One of the many policy questions the Canada Emergency Response Benefit has raised is that of the role of automatic stabilizers built into our federal fiscal policy. The ones we had going into this crisis, frankly, don’t work. CERB is giving us a glimpse of what it might be like if they did.
An automatic stabilizer is a permanent part of the government’s financial framework that, by design, contracts or expands with the ups and downs of the economy. In doing so, these stabilizers automatically increase fiscal support when the economy is ailing, and reduce it when times are good. And they do so pretty much in sync with the need, without having to wait for governments to develop a new program or pass a new spending bill to address the fallout from an economic shock.
In normal circumstances, only about 40 per cent of unemployed Canadians actually qualify for EI; the rest are self-employed who don’t pay into the EI plan, or short-term staff who haven’t worked enough hours or weeks to qualify, or students entering the work force, or gig workers who don’t have traditional employment arrangements, or people whose EI benefits have run out.
But the COVID-19 downturn provided dramatic proof that Canada’s EI system isn’t nearly up to the task. Almost instantly, it proved too slow, and too exclusionary, to measure up to the crisis at hand.
The EI system is riddled with holes, and the COVID-19 crisis quickly exposed them. All those gaps not only make it a lousy income-support system for a lot of Canadians, they also make EI a poor automatic stabilizer – it doesn’t capture enough of the economy to be truly responsive to downturns.
“We’ve known for a long time that [existing] automatic stabilizers are not very sensitive to the economy,” Bank of Canada Governor Stephen Poloz said recently.

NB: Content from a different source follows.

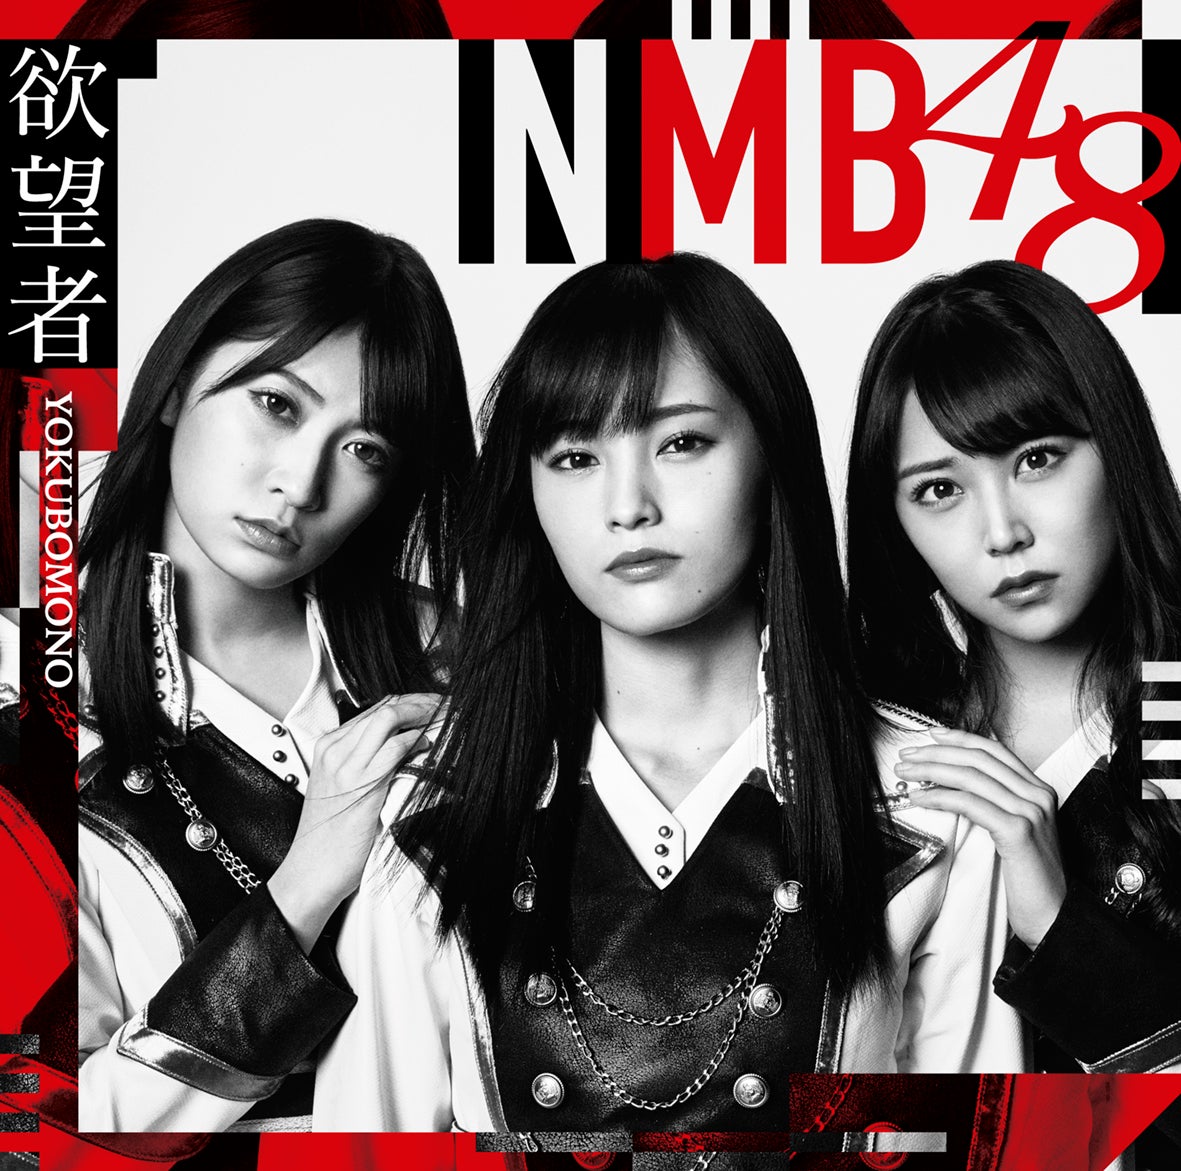 NMB48、初の試みで徹底網羅 ファン投票も開催決定 - モデルプレス

The central bank’s experimental simulations suggest that our stabilizers, led by EI, can deliver the stimulative equivalent of only about a 0.2-percentage-point cut in interest rates in the event of a typical economic shock.
It’s not nothing, but it’s not much. Remember that in the 2008-09 financial crisis, the Bank of Canada cut its key rate by more than four percentage points. In the current crisis, the bank cut by only 1.5 points, but that’s because its rate was a thin 1.75 per cent when it started; it essentially ran out of cutting runway, stopping at 0.25 per cent.
To its credit, the federal government whipped up CERB with remarkable speed, establishing in days a program on a scale that would usually take a government months, if not years. As policy, as we’ve seen from some of the issues that have arisen, it’s imperfect. But as an economic stabilizer, it ticks all the boxes: A near-instant fiscal response that will expand and contract to more or less match the scale of the shock.
But if and when CERB goes away, we’ll be back to an EI system that, in big-picture economic terms, is a very weak gear in the fiscal machinery.
This issue is increasingly pressing now that the Bank of Canada has taken its interest rate to near zero. If another economic shock hits before rates can creep back up toward normal – which will probably take years – the bank has essentially no conventional policy ammunition left to fight it. We’ll need to rely on the fiscal side to deliver the economic support – and it would help if it had better built-in mechanisms for the job.
Mr. Poloz argued that CERB could provide a model for just that kind of mechanism.
"Adding that tool to the fiscal tool kit is the sort of thing that could make the fiscal delivery more automatically sensitive to the economic cycle,” he said.
Of course, CERB is designed as an emergency measure. A lot of questions would have to be answered to pursue something that looked like CERB as a permanent program – not the least of which is cost, who is to pay for it and how. Still, the current experience has shown that if we want the economy to weather severe shocks and contain the damage, we’re going to need something more broad and responsive than EI to provide a meaningful fiscal stabilizer, and take more of the burden off monetary policy that has been stretched very thin.
"Stronger automatic stabilizers would be a good investment for society to make,” Mr. Poloz said.